A train may seem to the casual traveller just a means to journey to-and-fro but to the men who lived life in pursuit of goals high and praiseworthy, it became a means to achieve that very end


The powerful dramatic visual situations — scenes moving as if in a kaleidoscope made all the difference. They became statesmen in their own right, they found solutions to hitherto insurmountable problems. They became leaders of men, of downtrodden humanity.


As I researched to delve deep into the thoughts of leaders who shaped the destiny of the country, I found myself helpless before their words and expression. I decided that the reader must not be denied the pleasure of reading what they wrote in their own hand as they interacted with railway trains of their times.


Each leader used the railway train distinctively in his own way. Mahatma Gandhi initially used it as an instrument to know the strengths and weaknesses of the country, to learn of the plight of Indians under colonial rule, and later to wage a relentless struggle for freedom through his criss-cross journeys. Jawahar Lal Nehru read and thought during train travel. Perhaps the shape of modern India took form in his mind during his various travels. Sardar Patel discovered the strength of a railway system, which could be used to evacuate refugees from their miserable situation. Whatever be the purpose of such statesmen, train travel gave them a maturity of thought, and trains willingly became a pliable mechanism for the furtherance of noble deeds.

GANDHI


The Turning Point: “On the seventh or eighth day after my arrival, I left Durban. A first class seat was booked for me.


The train reached Maritzburg, the capital of Natal, at about 9.00 pm. Beddings used to be provided at this station. A railway servant came and asked me if I wanted one. ‘No,’ said I, ‘I have one with me.’ He went away. But a passenger came next, and looked me up and down. He saw that I was a ‘coloured’ man. This disturbed him. Out he went and came again with one or two officials. They all kept quiet, when another official came to me and said, ‘Come along, you must go to the van compartment.’


‘But I have a first class ticket,’ said I.


‘That doesn’t matter,’ rejoined the other. ‘I tell you, you must go to the van compartment.’


‘I tell you, I was permitted to travel in this compartment at Durban, and I insist on going on in it.’


‘No, you won’t,’ said the official. ‘You must leave this compartment or else I shall have to call a police constable to push you out.’


‘Yes, you may.

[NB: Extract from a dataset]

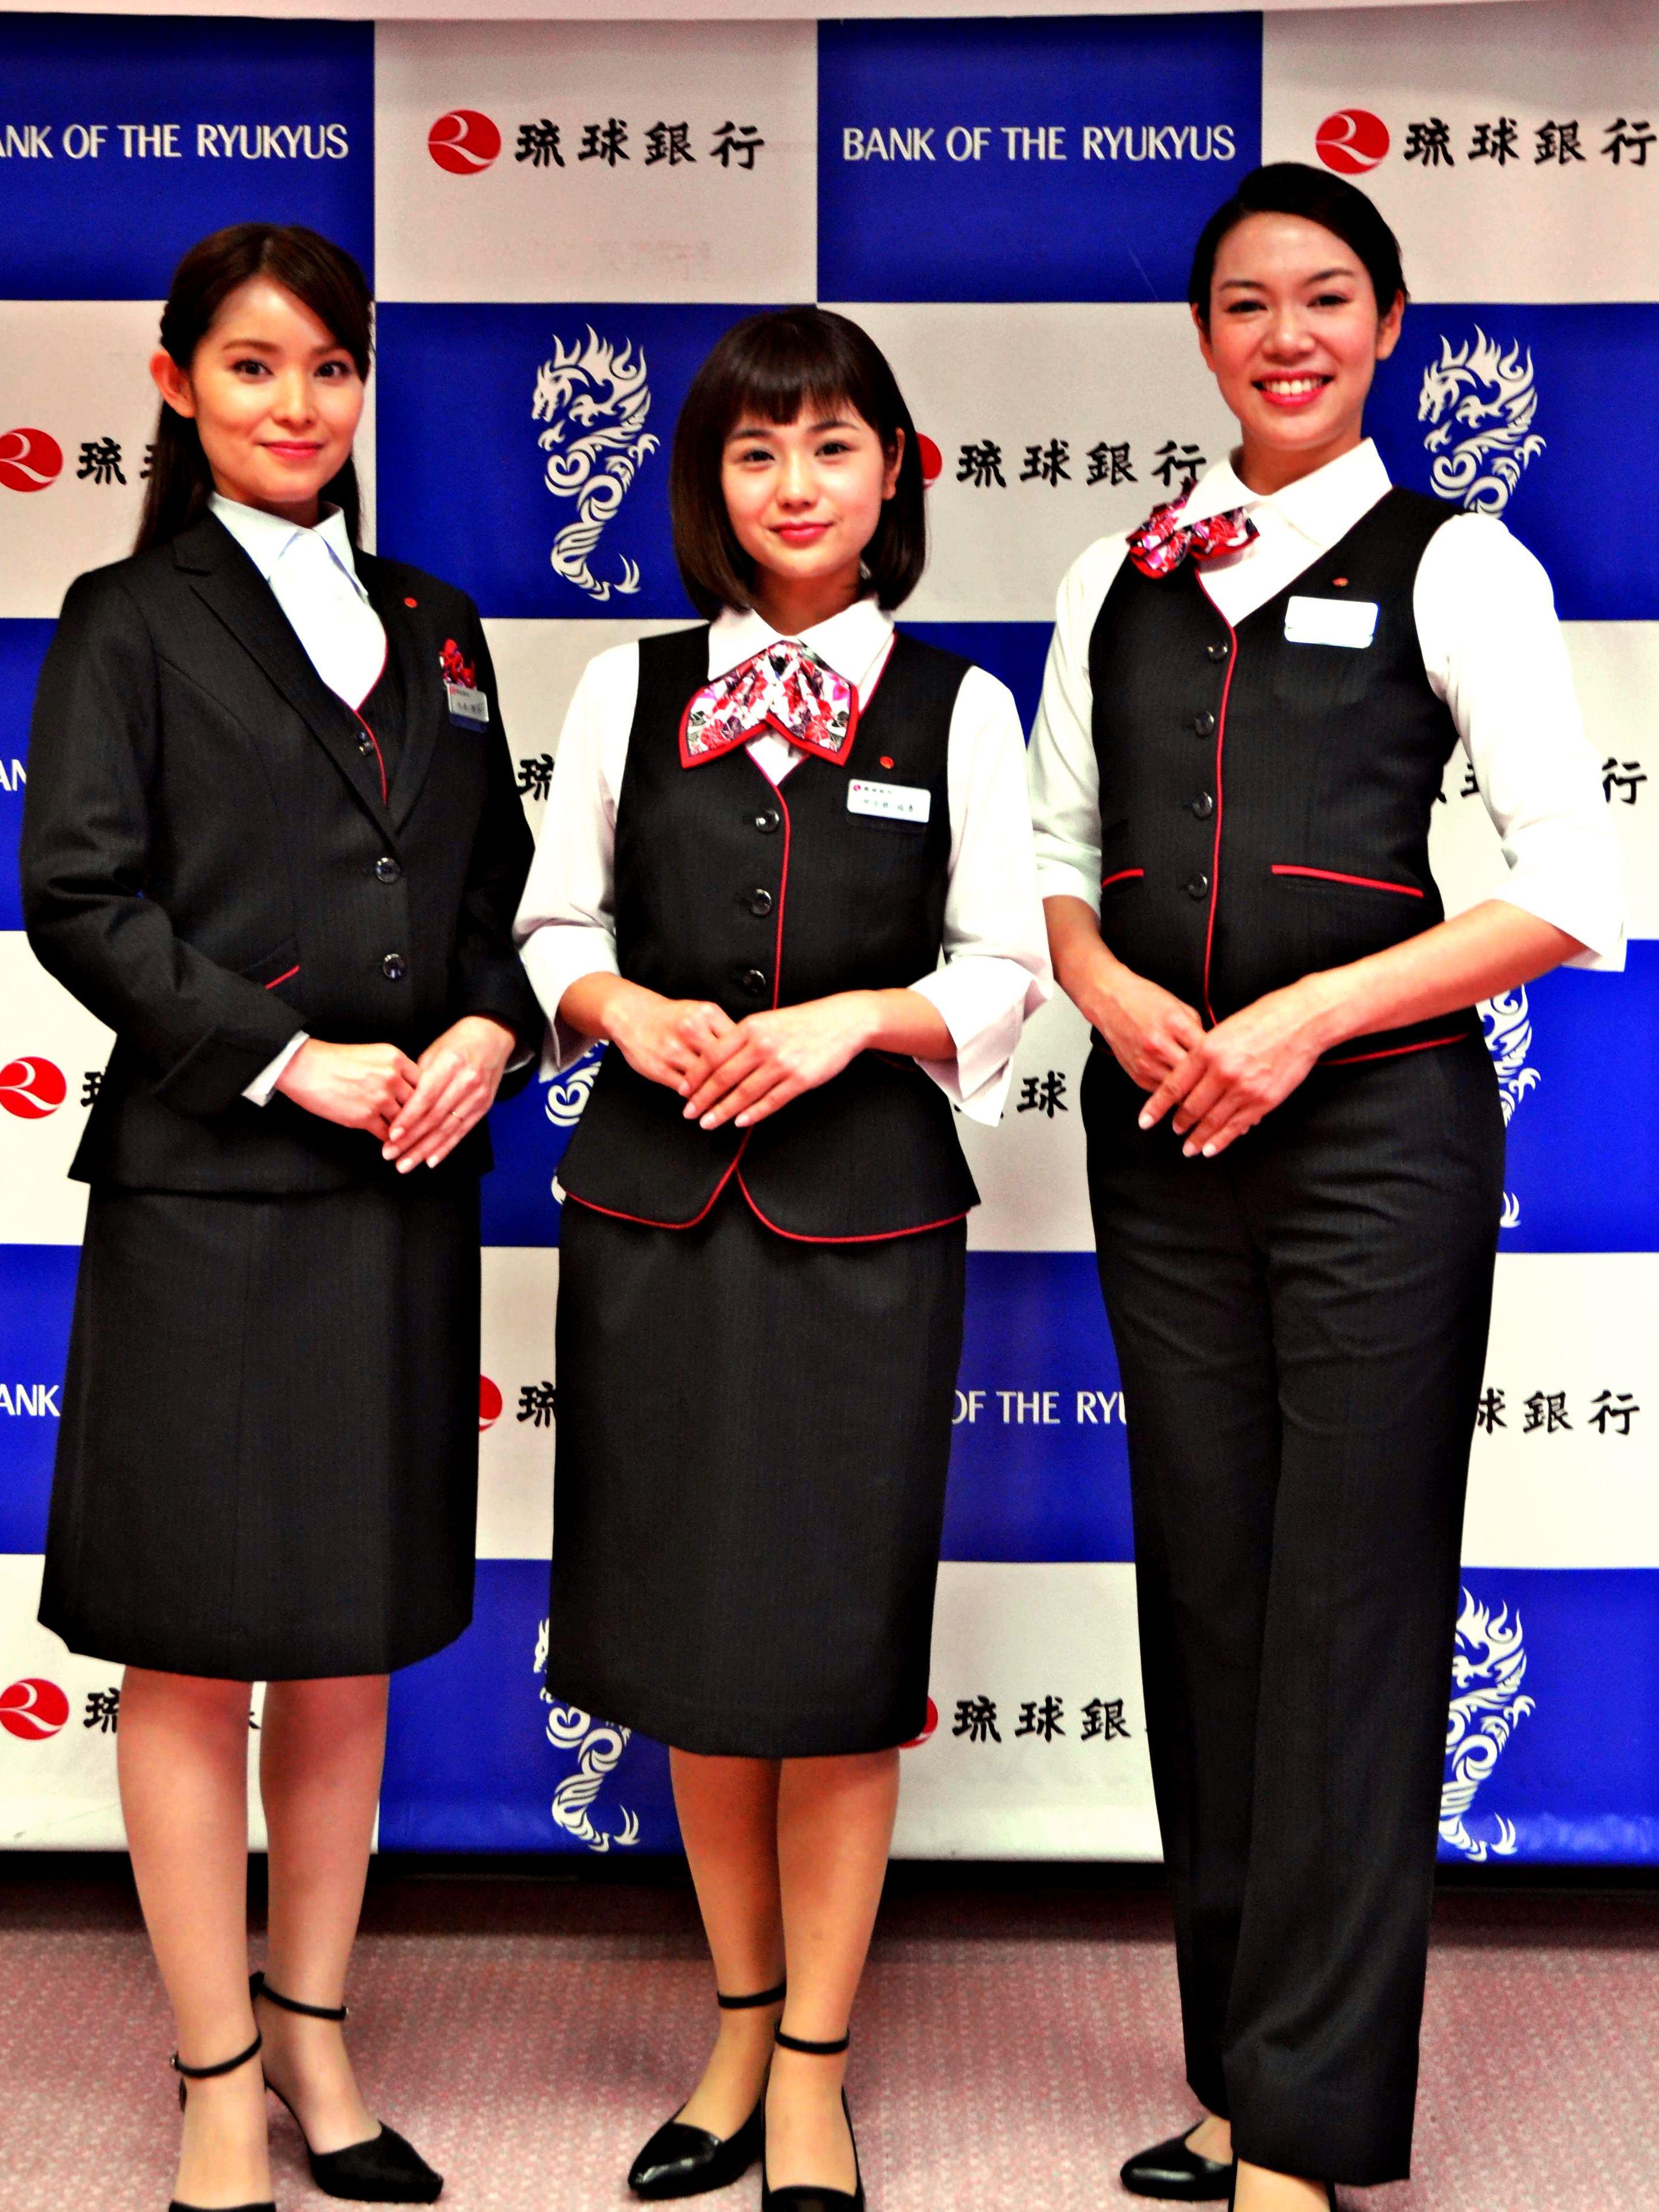 日本人って無宗教だと思われてるけど本当は超宗教国家だと思う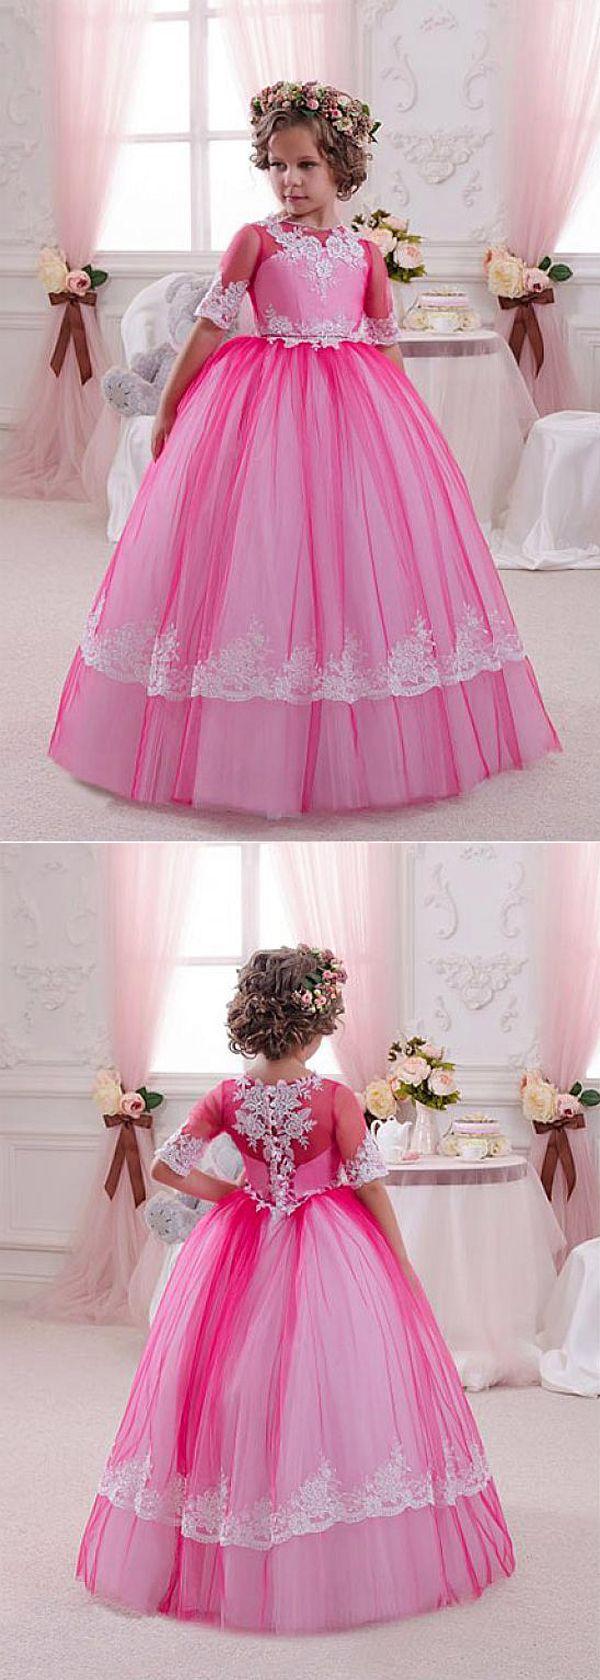 134 best Wedding Flower Girl Dresses images on Pinterest

I refuse to get out voluntarily.’


The constable came. He took me by the hand and pushed me out. My luggage was also taken out. I refused to go to the other compartment and the train steamed away. I went and sat in the waiting room, keeping my hand-bag with me, and leaving the other luggage where it was. The railway authorities had taken charge of it.


It was winter, and winter in the higher regions of South Africa is severely cold. My overcoat was in my luggage but I did not dare to ask for it lest I should be insulted again, so I sat and shivered.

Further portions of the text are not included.